Koumbit Network Status

Aller au contenu | Aller au menu | Aller à la recherche

jeudi 8 janvier 2009

maintenance window jan 9th between 14:00 and 16:00

Who is affected

All hosting services will be temporarly turned off as the servers will be rebooted. This will also affected virtual server users.

When

The operations will take place on january 9th 2009, between 14:00 and 16:00 EST. The server reboots should be limited to the period between 14:00 et 14:30 EST.

What will happen

The following servers will be rebooted: homere.koumbit.net, metis.koumbit.net, alexandria.koumbit.net, demeter.koumbit.net, marius.koumbit.net, romulus.koumbit.net et raymond.fqccl.org

The following server will be removed: hesiode.koumbit.net.

The following servers will be put online: lgm.koumbit.net, sw4-canix2.koumbit.net

Why

Some servers will be rebooted to apply security upgrades to the Linux kernel. The secondary web server (hesiode.koumbit.net) will be removed from the cabinet to be replaced because it has been damaged by the january 1st power failure. A new server will also be put online for a client (lgm.koumbit.net).
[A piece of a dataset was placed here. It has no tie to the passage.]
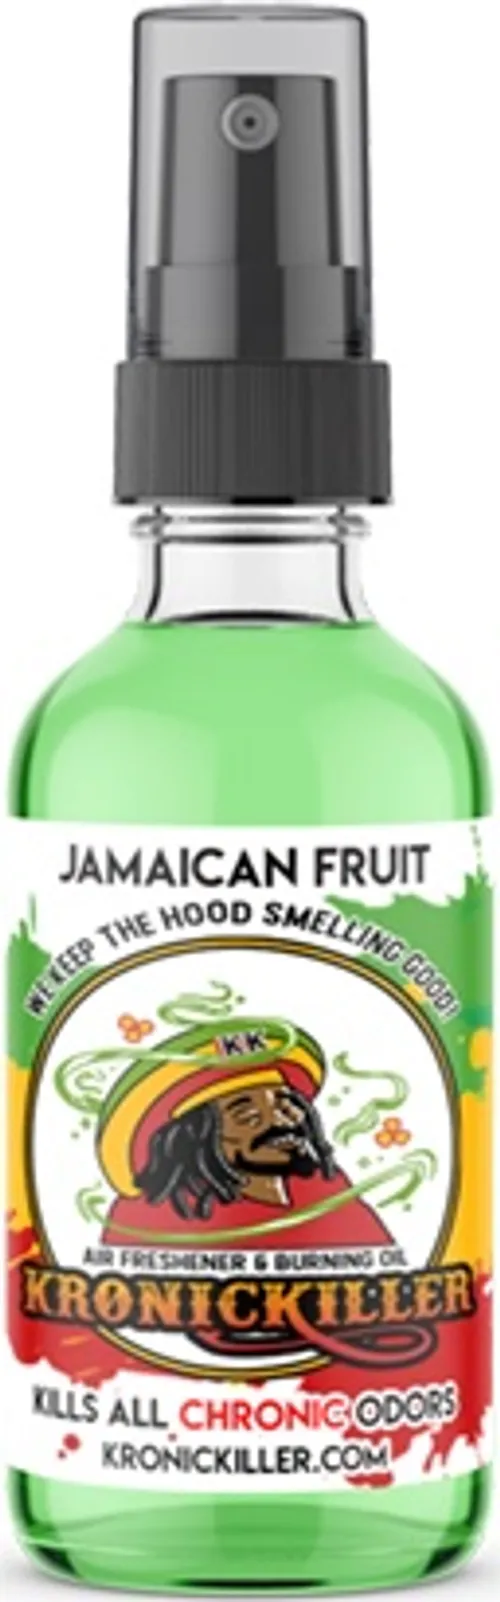 Kronickiller - Jamaican Fruit

Finally, new equipment will be put into place to make the new cabinet able to welcome new servers.

That new cabinet is necessary to respond properly to our growth.

How

Details of the operations are available to Koumbit members in the page: https://wiki.koumbit.net/RapportsIntervention/2009-01-09

I object!

If this intervention is too problematic for you or your organisation, please let us know within 24h to see if we can arrange otherwise.
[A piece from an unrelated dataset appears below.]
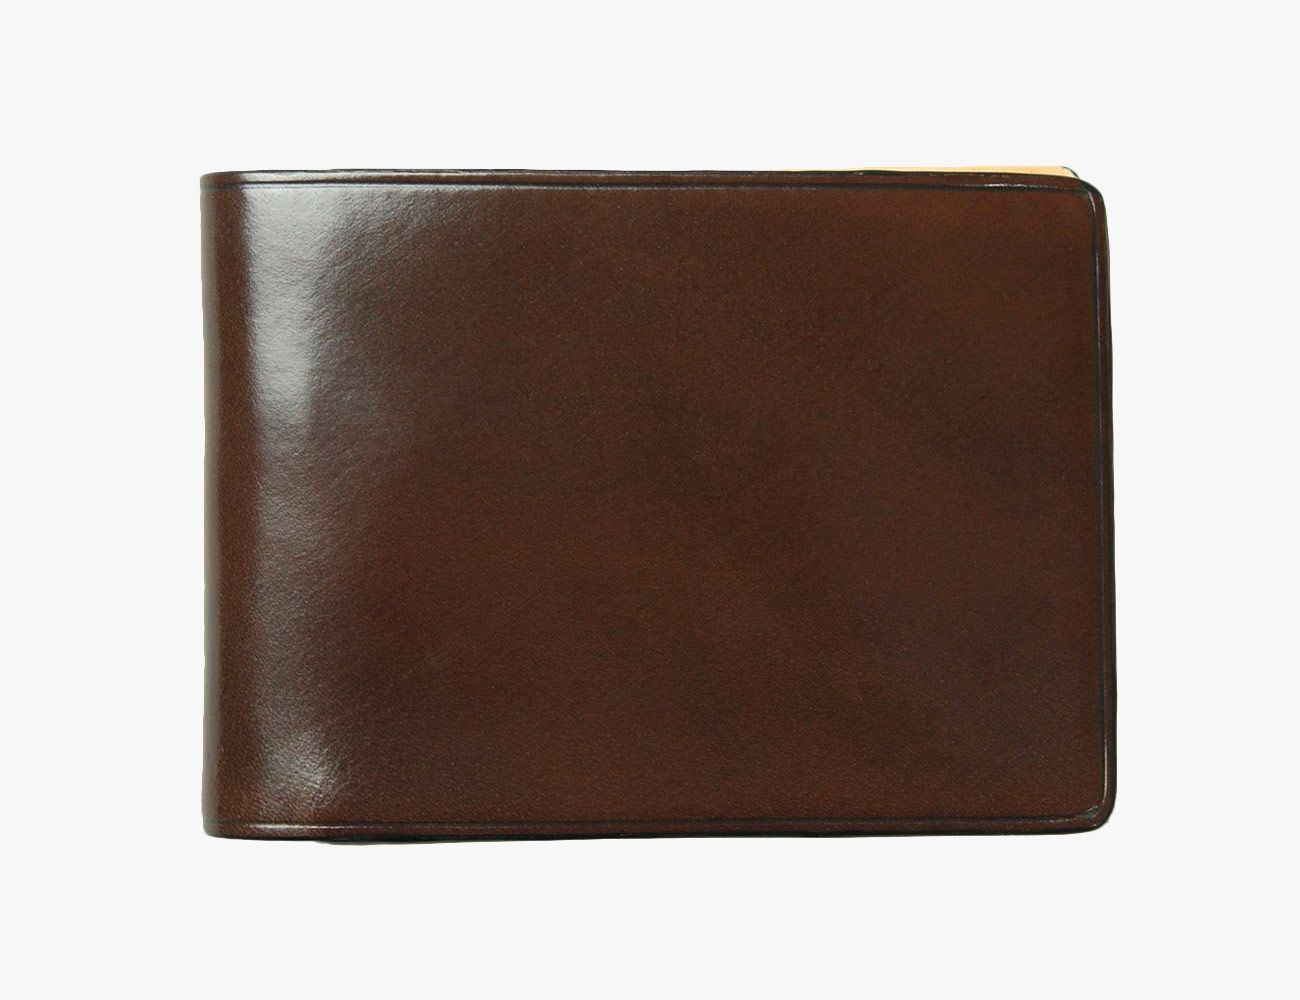 Best Wallets for Men, Mens Leather Wallet, Purse for Men - Zestpics

300th account and new cabinet

Accounts per month

We have just welcome our 300th account today! This symbolic step comes at a turning point in the history of our hosting services as we are getting ready to open our second cabinet to deploy new servers. We're still having some delays in the deployment of our redundant infrastructure roadmap, but we're soon going to hire more personnel that should help further this faster.

mardi 16 décembre 2008

Air conditionning failure in main cabinet nov 16 2008

At 7:15 this morning, all core services went down due to a air conditionning unit failure in the datacenter. That unit failed about an hour ago, which raised the temperature of all server units in the datacenter and caused a cascading outage. Our provider is aware of the issue and is working on it right now, more updates to follow.

Update (7:57): I have just been informed of a "30 minutes" ETA from the remote team, hang in there.

Update (8:03): all services have been brought back up, sorry for the inconvenience.

mercredi 3 décembre 2008

phpMyadmin upgraded to 3.1.0

We have upgraded phpMyAdmin to the 3.1.0 version which fixes the "mbstring" issues that you have reported many times. Please report any problem to support@koumbit.org.

dimanche 9 novembre 2008

Hosting outage Saturday November 8, 2008: electric problem, database time problem

A fuse in the cabinet, where most of the Koumbit hosting servers are located, was overloaded and failed, in the night of November 8, 2008. Part of the servers were not available between 23h15 and 0h30, followed by other minor disruptions between 0h30 and 2h15.

Following this, the main web server of the shared hosting accounts did not recover correctly its time and was displaying 1970. This caused a few problems on some sites running content management content systems (sush as Spip and Drupal). The problem was noticed and fixed Sunday around 11h00.

Koumbit is about to open a second cabinet in a new point of presence. This is part of our 2008 architectural plan to increase redundancy and to deal with the growth of the demand. This will allow us, amongst other benefits, to avoid this type of outage, since the main shared hosting servers will be redundant between the two cabinets.

For questions or comments, you can comment on the sysadmin blog (offline.koumbit.net) or write to us at support@koumbit.org.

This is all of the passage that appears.